Data Start Marker

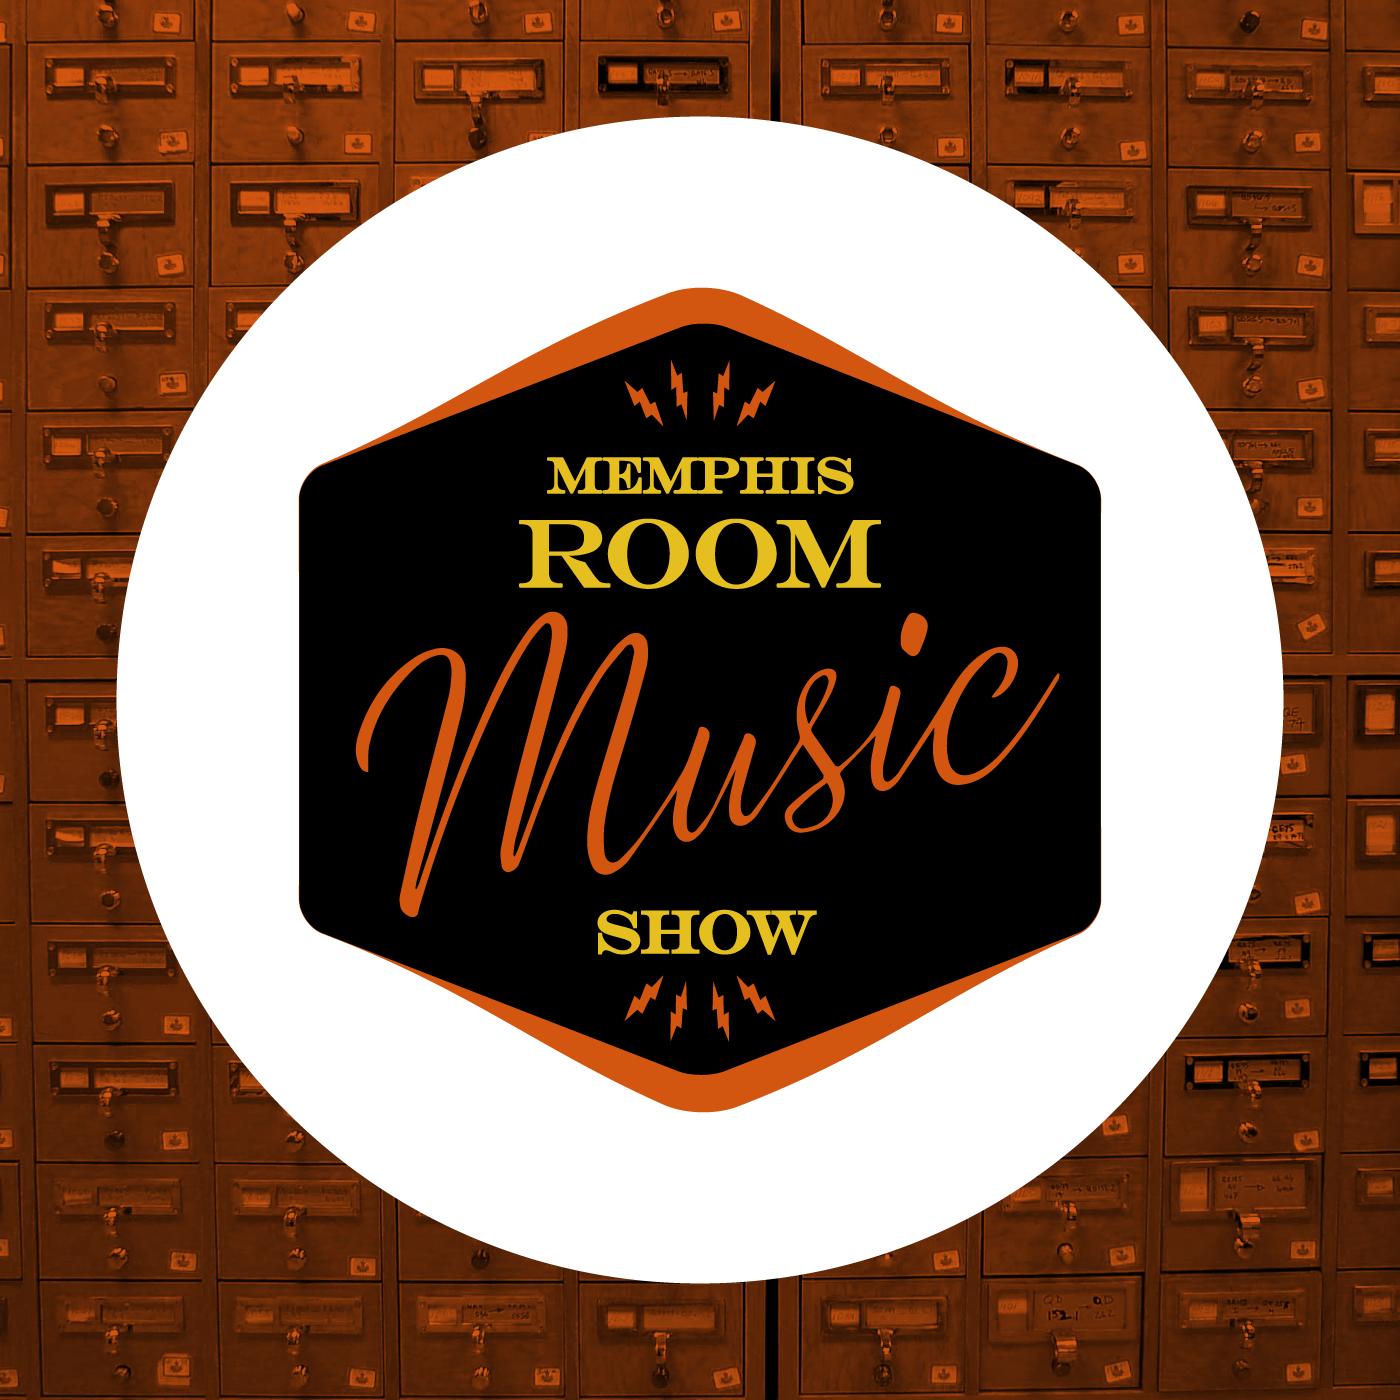 Memphis Room Music Show The OAM Network
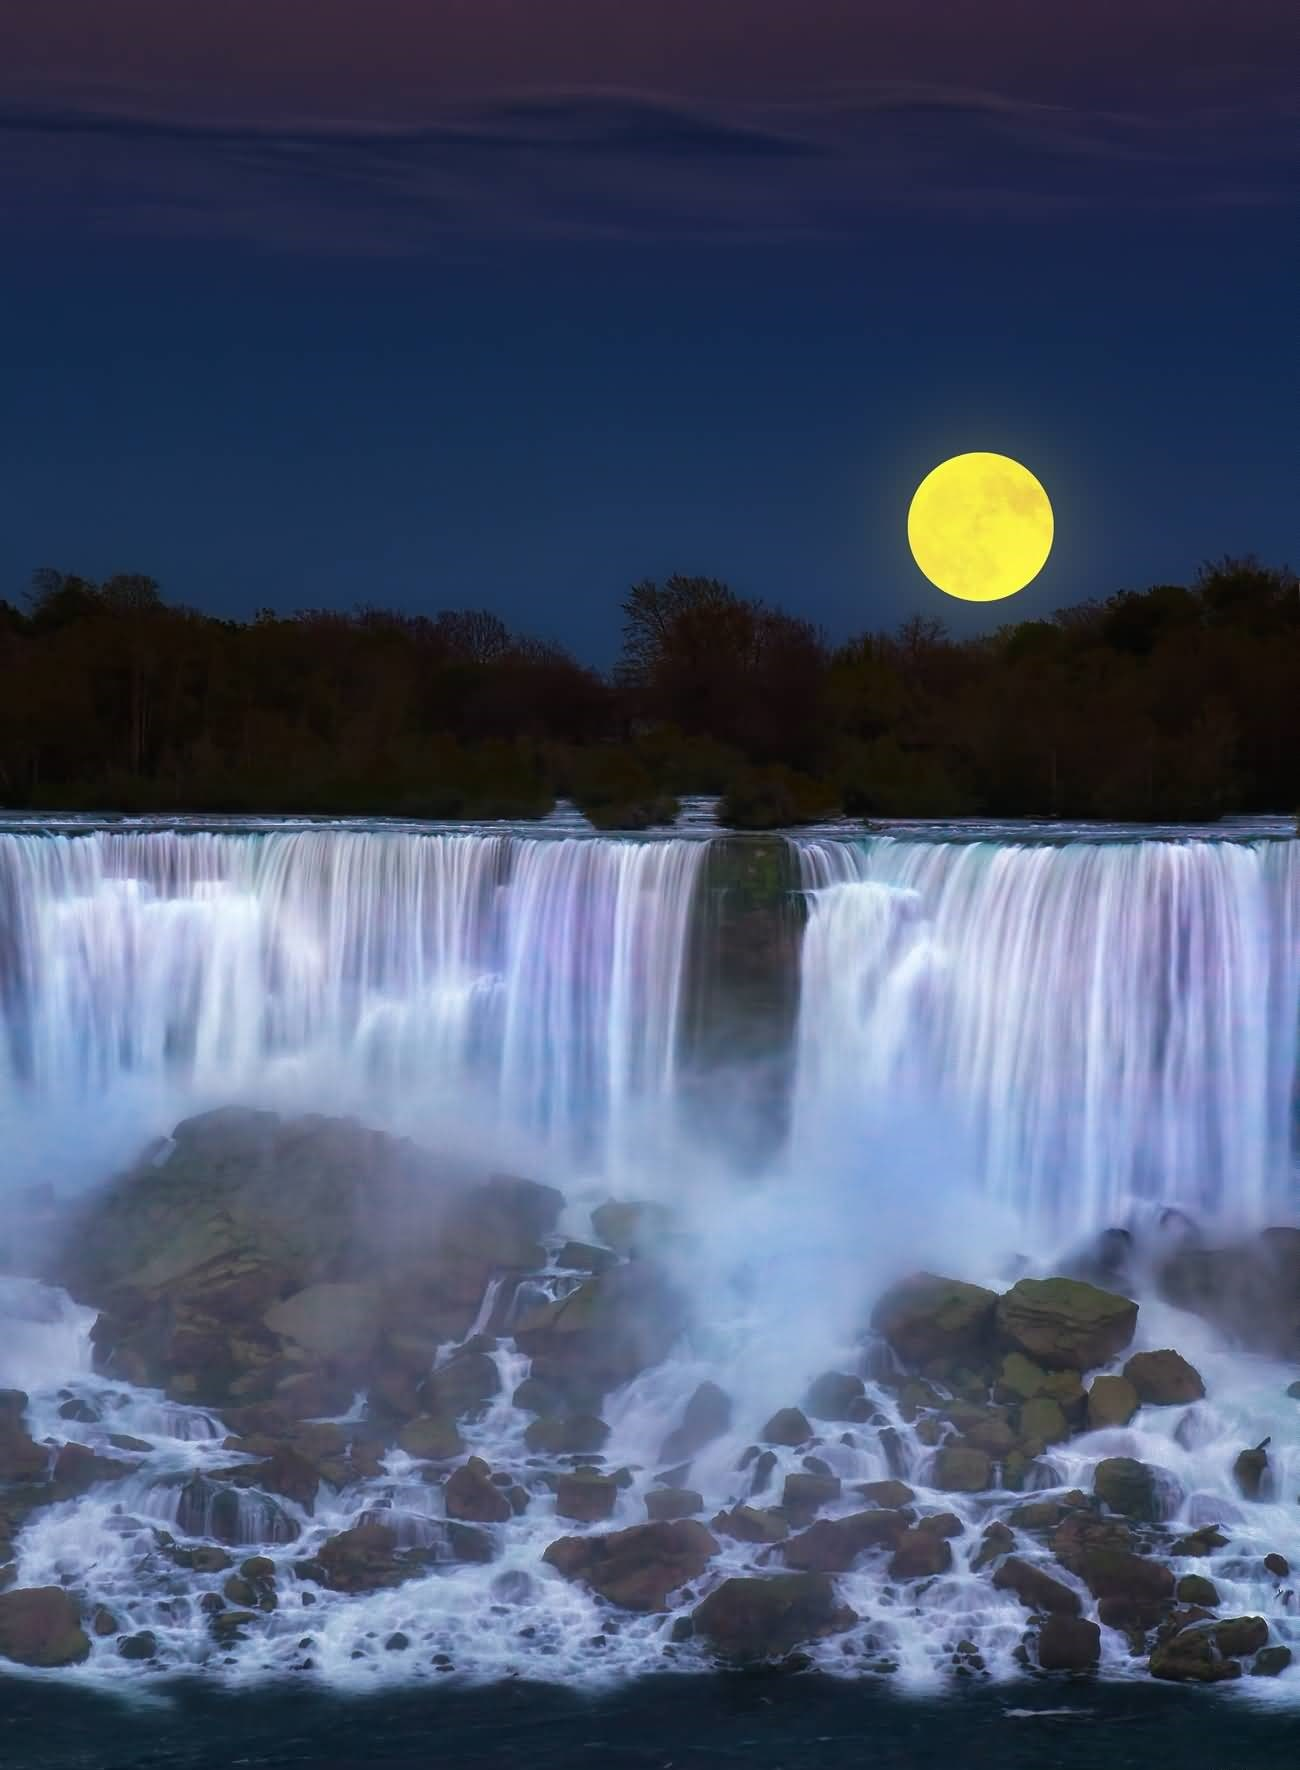 Niagara Water Falls Desktop Wallpaper Niagara Falls Hd Wallpapers 7wallpapers Net
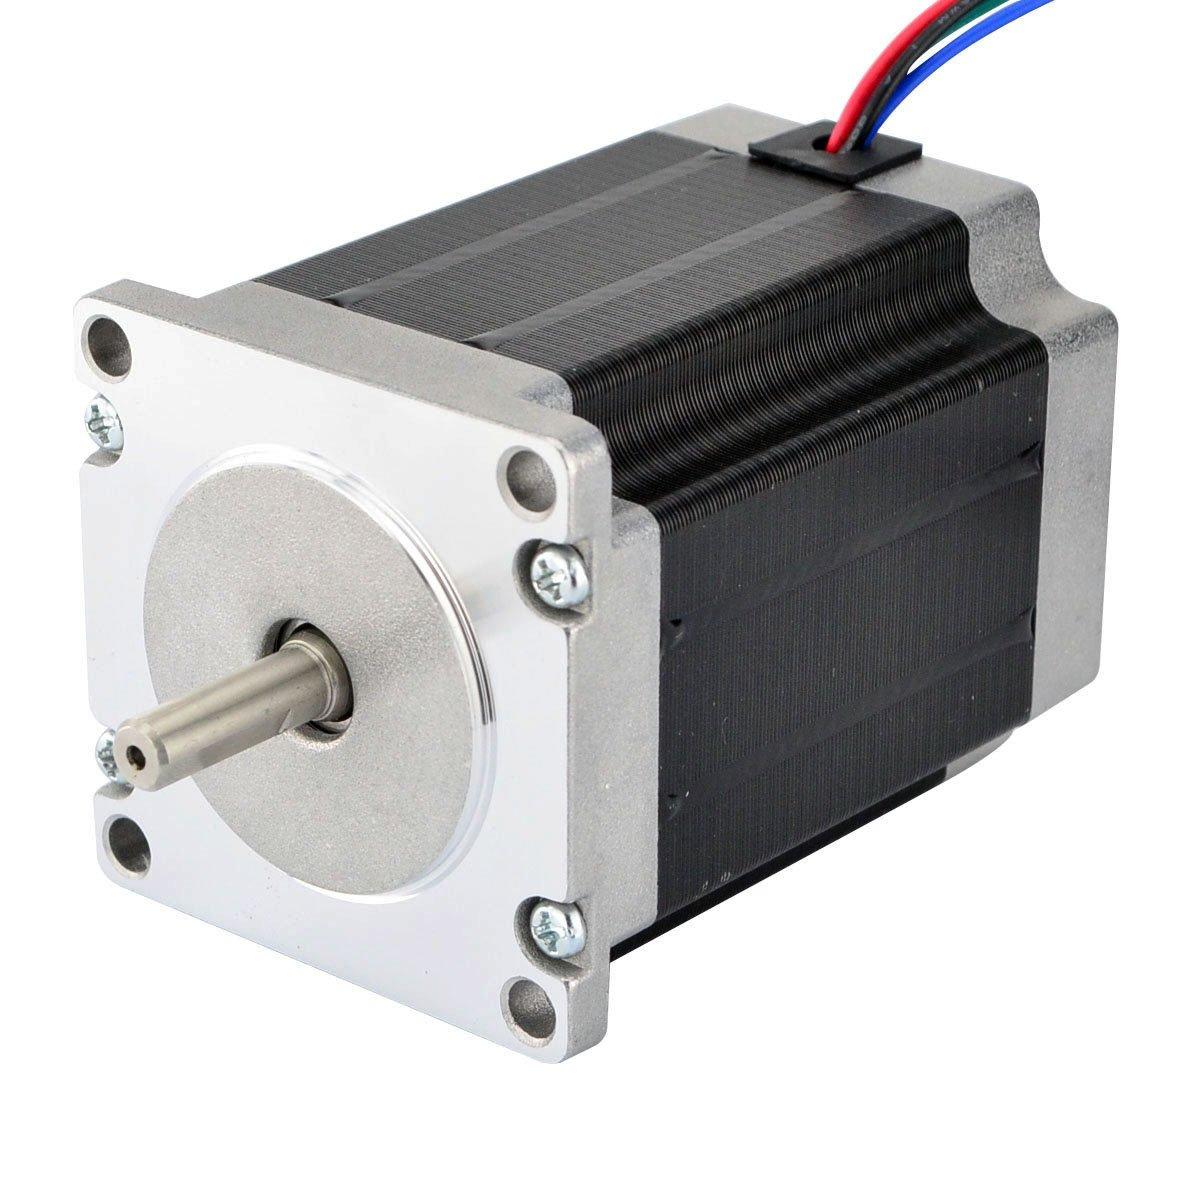 CNC Stepper Motor Nema 23 Bipolar 2.8A 269oz.in/1.9Nm CNC Mill Lathe Router

Data End Marker

= Task instructions =
Set down all the data again exactly as above, pictures excluded.

= Exercise solution =
 Memphis Room Music Show The OAM Network
 Niagara Water Falls Desktop Wallpaper Niagara Falls Hd Wallpapers 7wallpapers Net
 CNC Stepper Motor Nema 23 Bipolar 2.8A 269oz.in/1.9Nm CNC Mill Lathe Router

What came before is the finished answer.